Reading Time: 4 minutes
Trigger warning: sexual assault
The 2012 Nirbhaya rape case in Delhi shook the world with its brutality and callousness of its perpetrators. News of such incidents make us feel angry and sad, but rarely does the common man feel empowered to do anything about the situation.
Not so for Sydneysider Manjula Rao.
“The Nirbhaya case shook me to my core, and I felt I had to do what I could,” she said.
Her two school-aged girls happened to be learning Taekwondo at that time and this planted the seed in Manjula’s mind.
“For my girls, it was just a regular sport, but I started to consider Taekwondo for its potential as a self-defense tool,” Manjula told Indian Link.
She decided to teach children in India to defend themselves and to protect others.
Manjula chose to start her mission in Bhama village of Madhya Pradesh, not far from her own home.
“It took us some time to find a teacher. I then spoke to the sarpanch of the village who gave us two rooms in a school, and we started training,” she explained.
The project started with one village in 2014 and soon a second village joined in.
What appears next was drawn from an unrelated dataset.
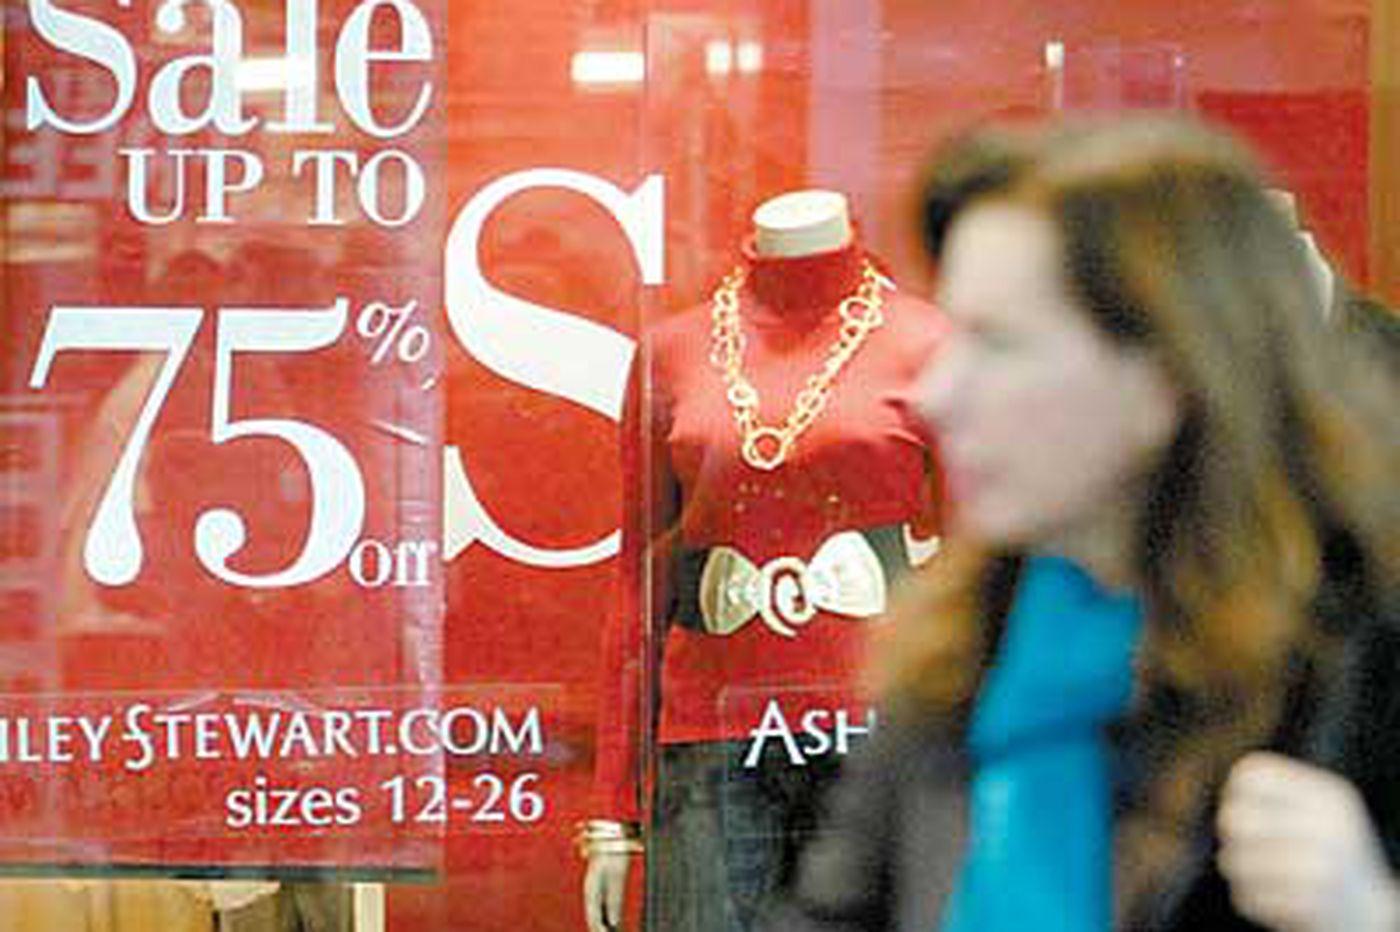 Bargain hunters pack lots at shopping malls

Through the NGO she set up with her husband Sudhindra Rao, called Luxmy Samiti, Manjula ensured every child who entered the course got a new uniform with all the safety gear required such as helmets and guards for elbow, knee and chest. Now every Sunday for three hours, over a hundred children gather for self-defense classes.
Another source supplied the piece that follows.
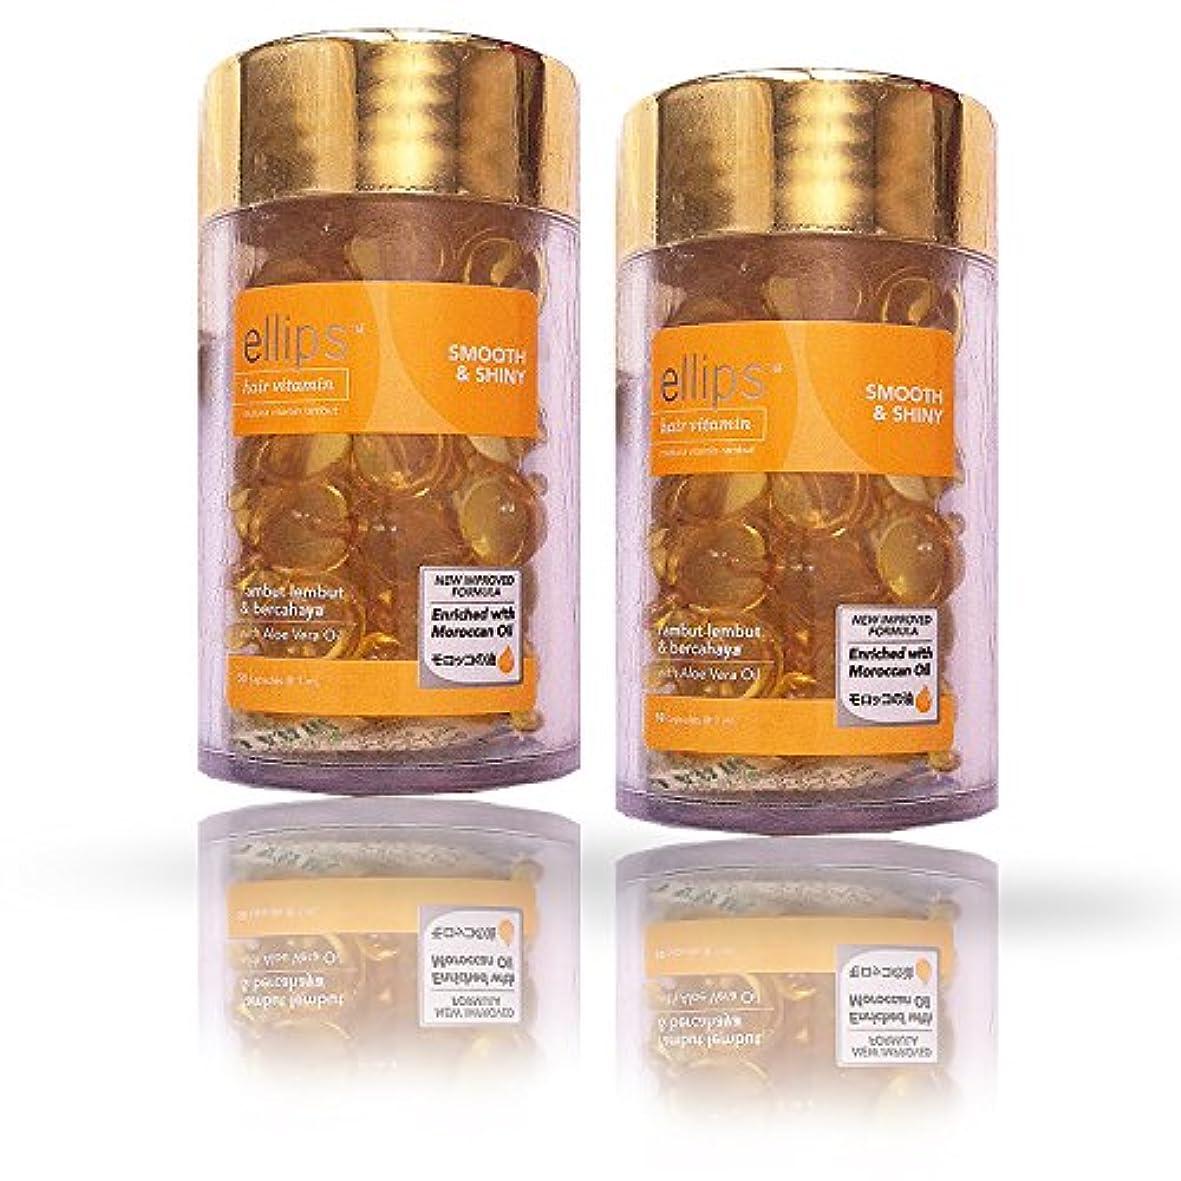 自信がある変な事故エリップス(ellips)スムース&シャイニー(フレッシュ トロピカル フルーツの香り) ボトル50粒×2個

Manjula confesses that the journey wasn’t as smooth as this sounds. “Initially I had to speak to the villagers to convince them about rape being on the rise, about the importance of self-defense.”
In 2019, the National Crimes Record Bureau (NCRB) reported over 32,000 cases of rape in India, which amounts to over 88 cases per day.
When asked how their children could protect themselves, the villagers’ standard response was ‘Bhagwan ke bharose’ (we leave it to the Almighty). To that, Manjula countered, “Yes, we are always under the guidance of the Lord, but there are some things we’ve got to do ourselves!”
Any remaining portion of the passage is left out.